# Mosquito larvae vs. Bloodworms



## Hallyx (Jun 11, 2011)

Mosquito larvae are considered a high-quality staple food for 
insectivores. Yet bloodworms, which are midge larvae, are 
considered as a low-nourishment occasional treat.

Why is that?

San Francisco Bay Frozen White Mosquito Larvae (glassworms)
Crude Protein Min 5.40%
Crude Fat Min 1.10%
Crude Fiber Max 1.00%
Moisture Max 93.00%
Dry Protein 77%

San Francisco Bay Frozen Bloodworms
Crude Protein Min 4.50%
Crude Fat Min 0.20%
Crude Fiber Max 0.70%
Moisture Max 95.00%
Dry Protein 90.00%

My freeze-dried Bloodworms
Protein 48%
Fat 2%
Fiber 6%
Moisture 6%

And, just for reference:
Omega One pellets
Crude Protein Min 42%
Crude Fat Min 11%
Crude Fiber 2%
Moisture Max 8.5%


----------



## Geomancer (Aug 23, 2010)

There is more to nutrition than protein, fat, and fiber. They don't have "Nutrition Facts" for fish as they numbers would be different for each species, but it's going to be similar to that of humans with various minerals, metals, and vitamins needed for healthy life.

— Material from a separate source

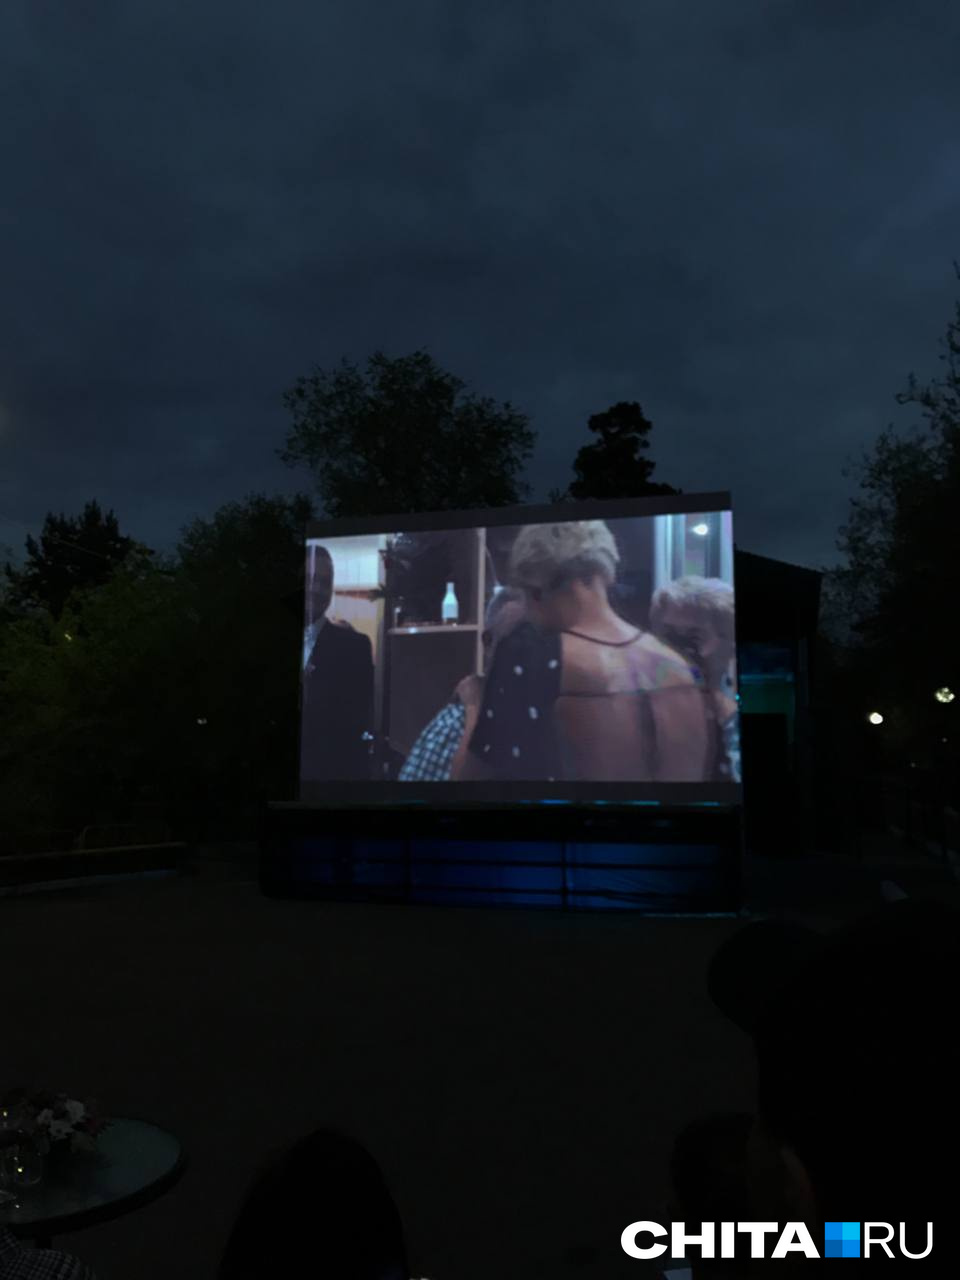 Смотреть кино на улице, когда лето уже разыгрывается и ночами теплеет — это незабываемый и приятный зрительский опыт
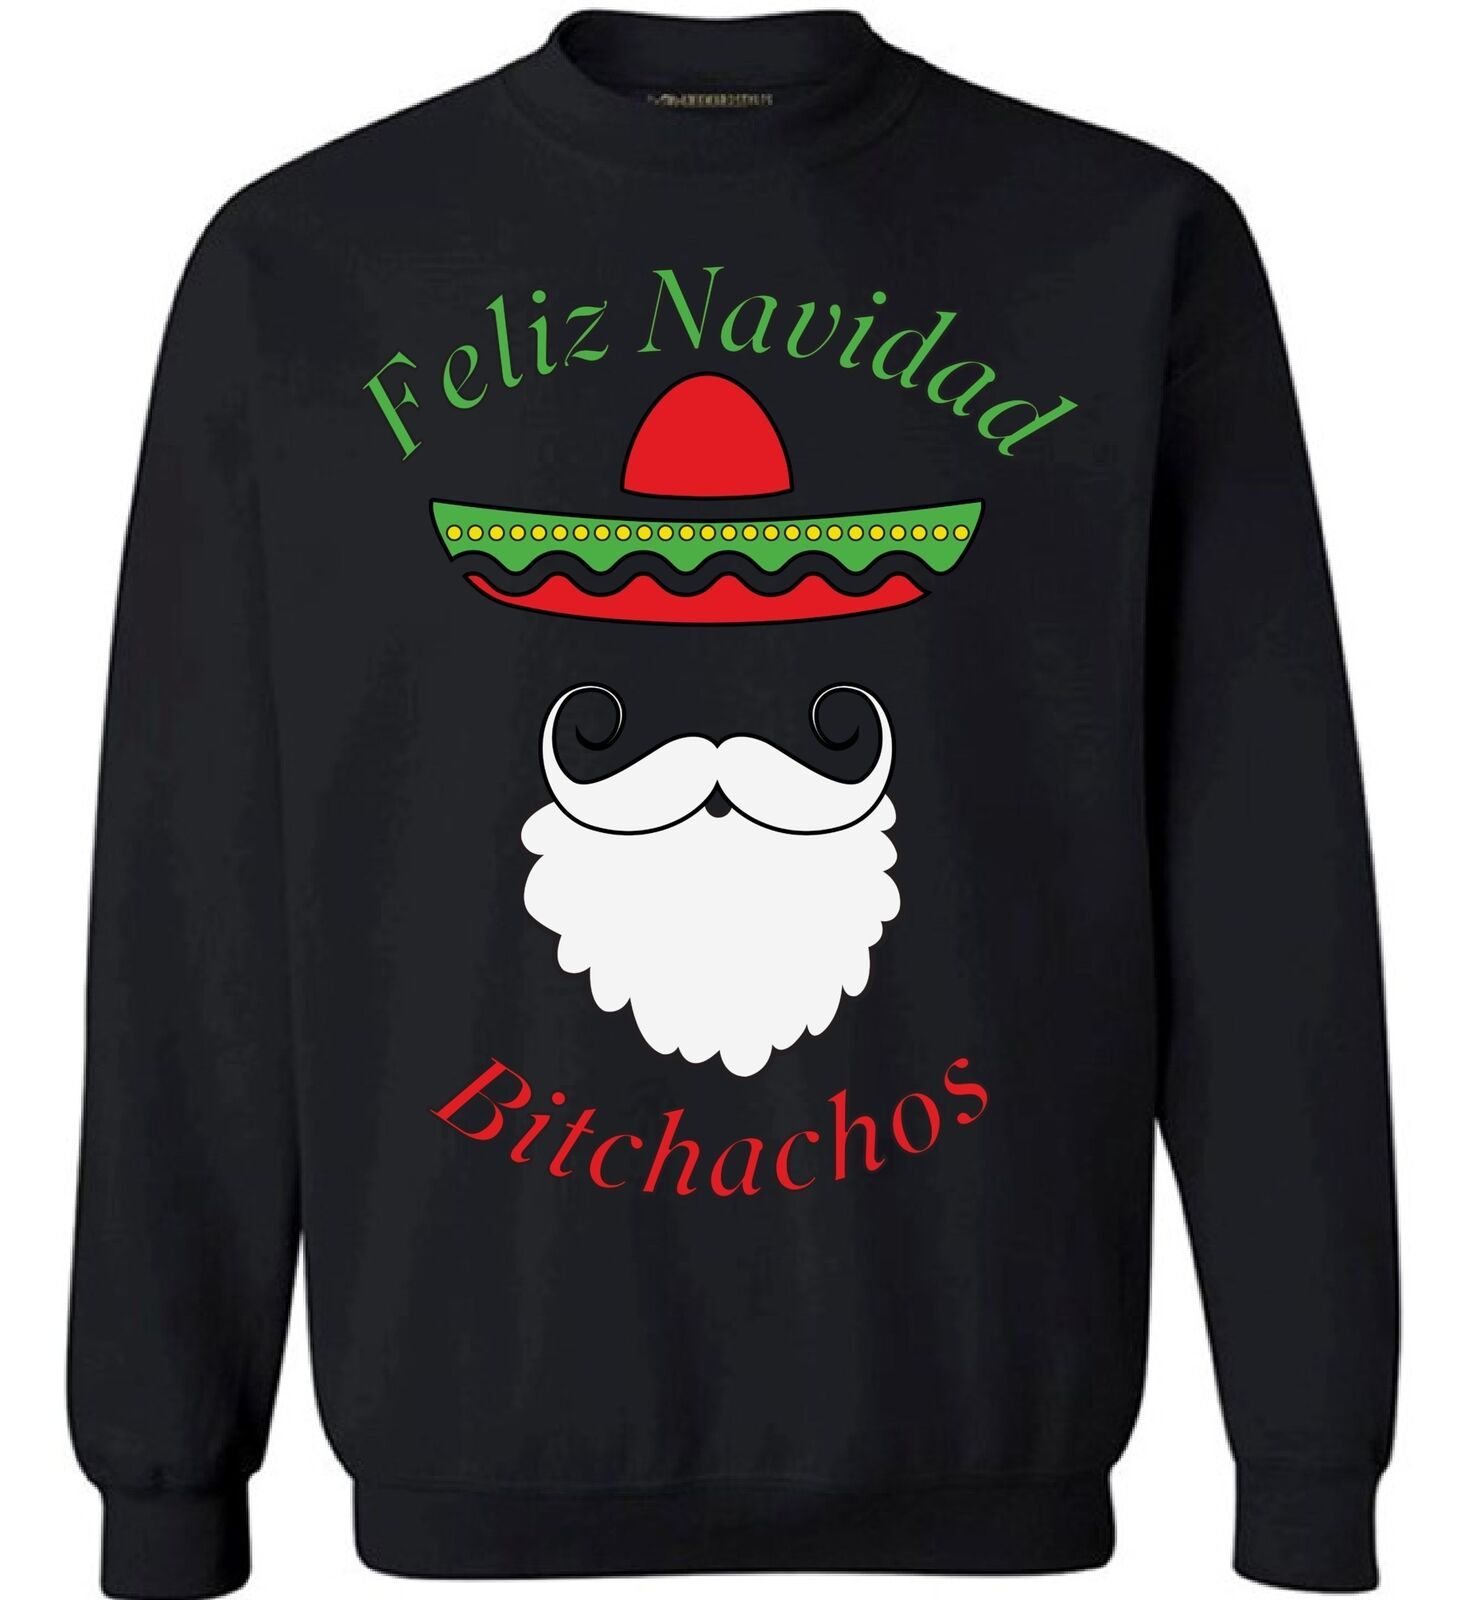 Feliz Navidad Bitchachos Santa Boat Christmas Sweatshirt Style: Sweatshirt, Color: Black

With dry foods (flakes and pellets) people usually compare by the ingrediant list rather than the information you listed. People look for the use of whole fish being first, and binders like grains being as low as possible. They'll all have roughly the same crude protein, but those made of more (and better) meats and specific plant mater (like kelp) are more healthy than those that are mostly grains (which fish don't normally eat).


----------



## 1077 (Apr 16, 2008)

Where they are gathered from,and how they are processed, is an issue for some.
Often found, and gathered from stagnant water's or pool's perhap's rich in raw sewage.
Fear's whether confirmed or not, that processing procedure may not eliminate that which is unwanted in the aquarium/fish, lead some to avoid them altogether.


----------



## Byron (Mar 7, 2009)

That is true. But it seems the actual food is something of an issue, due to the high protein and fat. Someone I was reading last week, may have been Neale Monks, advised against bloodworms as a regular food due to inappropriately high level of protein which can cause intestinal problems in fish. And I know Jack Wattley has often written that he no longer feeds bloodworms at all to his discus for this reason.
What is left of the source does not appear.